As America grapples with what may be the worst oil spillage in history, eclipsing the Exxon Valdez disaster in 1989, two questions demand answers: first, why was no remote control shut-off device installed at Deepwater Horizon? And second, is this disaster in the Gulf of Mexico connected to lobbying on the part of BP against the imposition of tighter safety controls for off-shore drilling? BP needs to provide convincing answers to both questions if it is not to find itself on the end of lawsuits that could wreak havoc with both its reputation and its finances.
The company is not popular in Washington as it is, partly because of a series of accidents in recent years, most notably in Texas in 1995 when a refinery exploded, killing 15 people, and in 2006, when a pipeline leaked in Alaska. The big oil companies in general, meanwhile, have a less sympathetic president in Barack Obama than they did in his predecessor, George W Bush. Mr Obama has said that he intends to hold BP responsible for most of the clean-up bill. The President may adopt a harsher tone once the oil reaches the shore, potentially affecting the jobs of thousands of people living in coastal communities as well as killing countless millions of sea birds, turtles and fish.
The word "spillage" barely conveys the apocalyptic nature and scale of what is going on. Most worryingly, in the absence of a remote control shut-off device, no one has satisfactorily explained how the volcanic flow of hot oil into the Gulf of Mexico from some 5,000ft beneath the waves can be stopped. BP seems literally out of its depth. The booms it has placed in the Gulf to contain the slick and stop the oil from reaching the coast have not worked, possibly because they were placed too far out to sea, where high waves have rolled over them. It could be weeks or even months before a cap is installed or the flow diverted, by which time the spillage will have far exceeded the eleven million gallons that Exxon Valdez released off Alaska. It will be miraculous if the waters of the Gulf, from which the United States extracts 40 per cent of its seafood, do not suffer long-term devastation.
While BP faces immediate questions, alongside huge bills, the buck must not be allowed to stop with the company. President Obama has announced that he is halting new off-shore drilling projects unless rigs have safeguards to prevent similar disasters from occurring. But Americans will surely want to know why those safeguards were not there to start with, given Deepwater Horizon's highly sensitive location, only a few dozen miles from as environmentally a precious area as the Mississippi River Delta. Oil companies will always lobby aggressively for the right to explore as widely as possible and under as few conditions as they can get away with. It is for politicians to reconcile those ambitions with public and environmental safety. The inquiry into who nodded this rig through and why must go all the way from Louisiana, Alabama and Mississippi to Washington itself.

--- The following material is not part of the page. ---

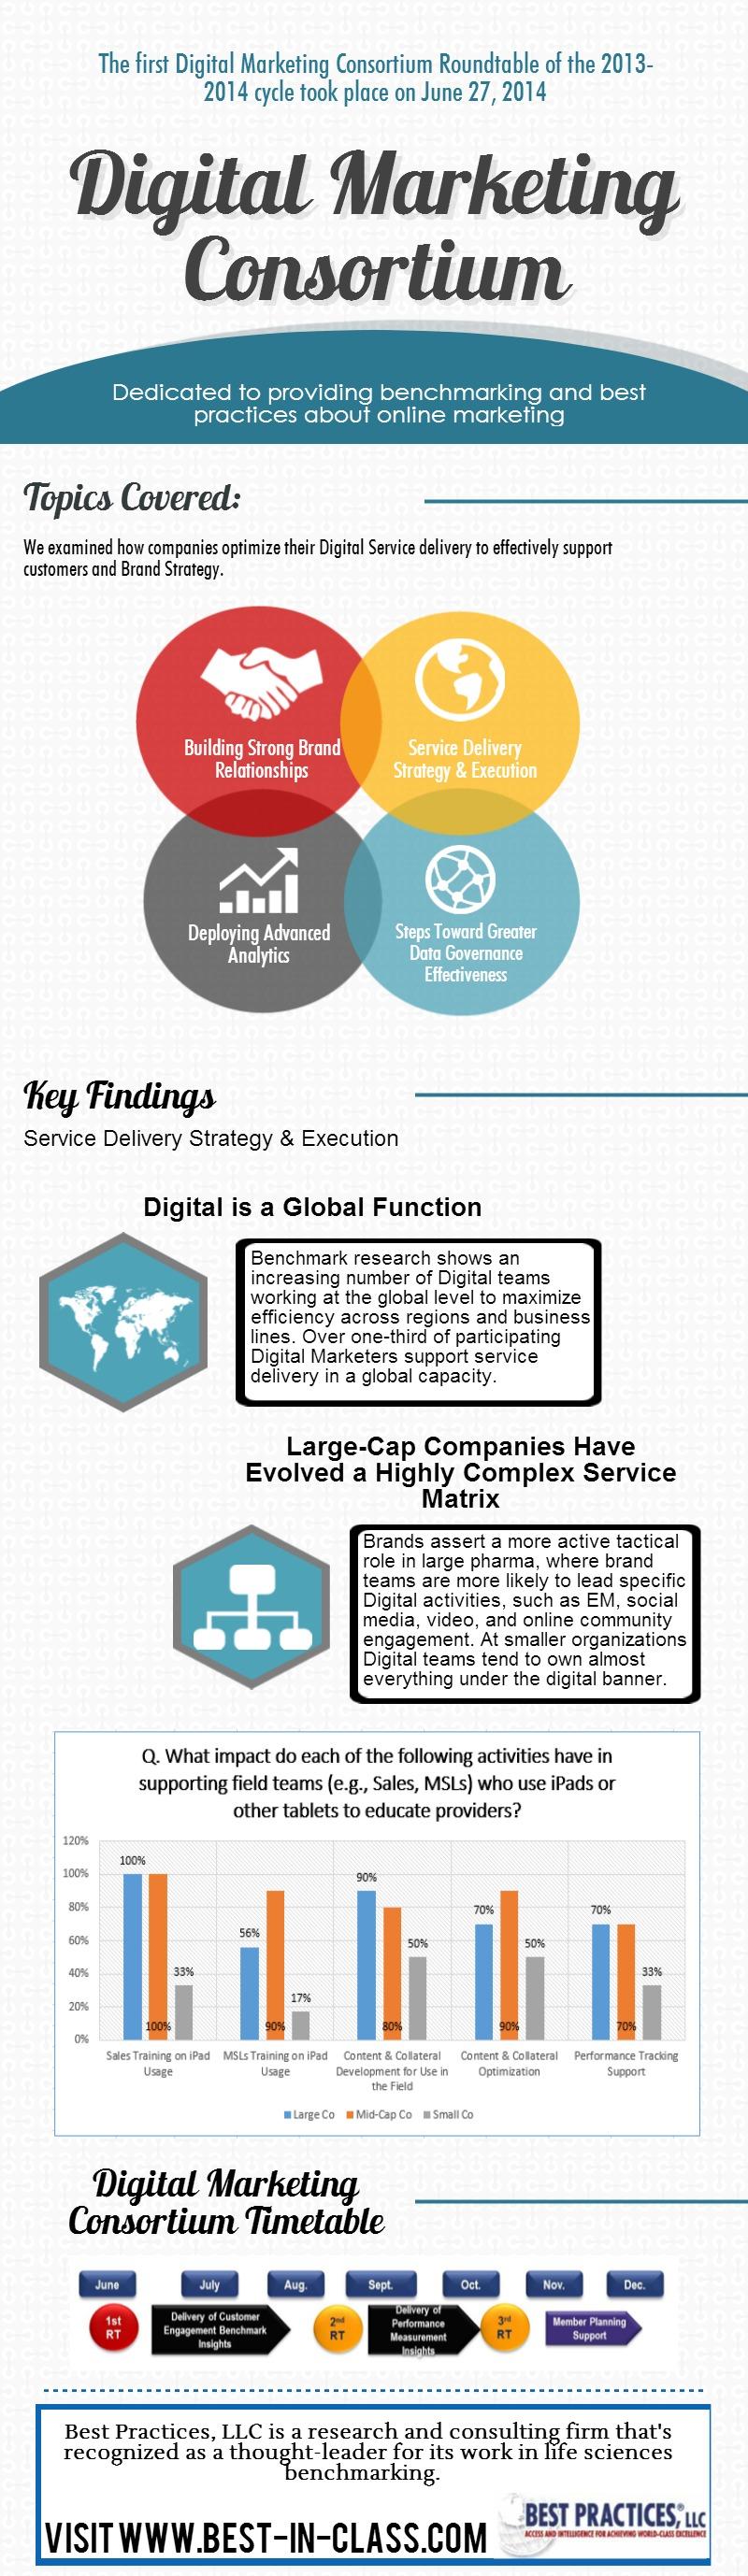 Digital Marketing Consortium - DRAFT Copy

With oil still surging into the Gulf, in ever increasing quantities, it may sound premature to talk of lessons that need to be learned in future. But we must assume that the flow will be stopped somehow and at some point, after which the public in America and elsewhere hopefully will start drawing some conclusions about where the relentless hunt for cheap oil is leading. It should be transparent to everyone by now that the addiction of all our economies to oil is what is ultimately driving the demand for exploration into ever deeper and riskier environments.
Of course, improved safety standards for rigs are crucial, and must be insisted on and adhered to – but if their introduction is not accompanied by a more consistent drive to reduce our dependence on oil, they alone will not be enough to save us from similar disasters.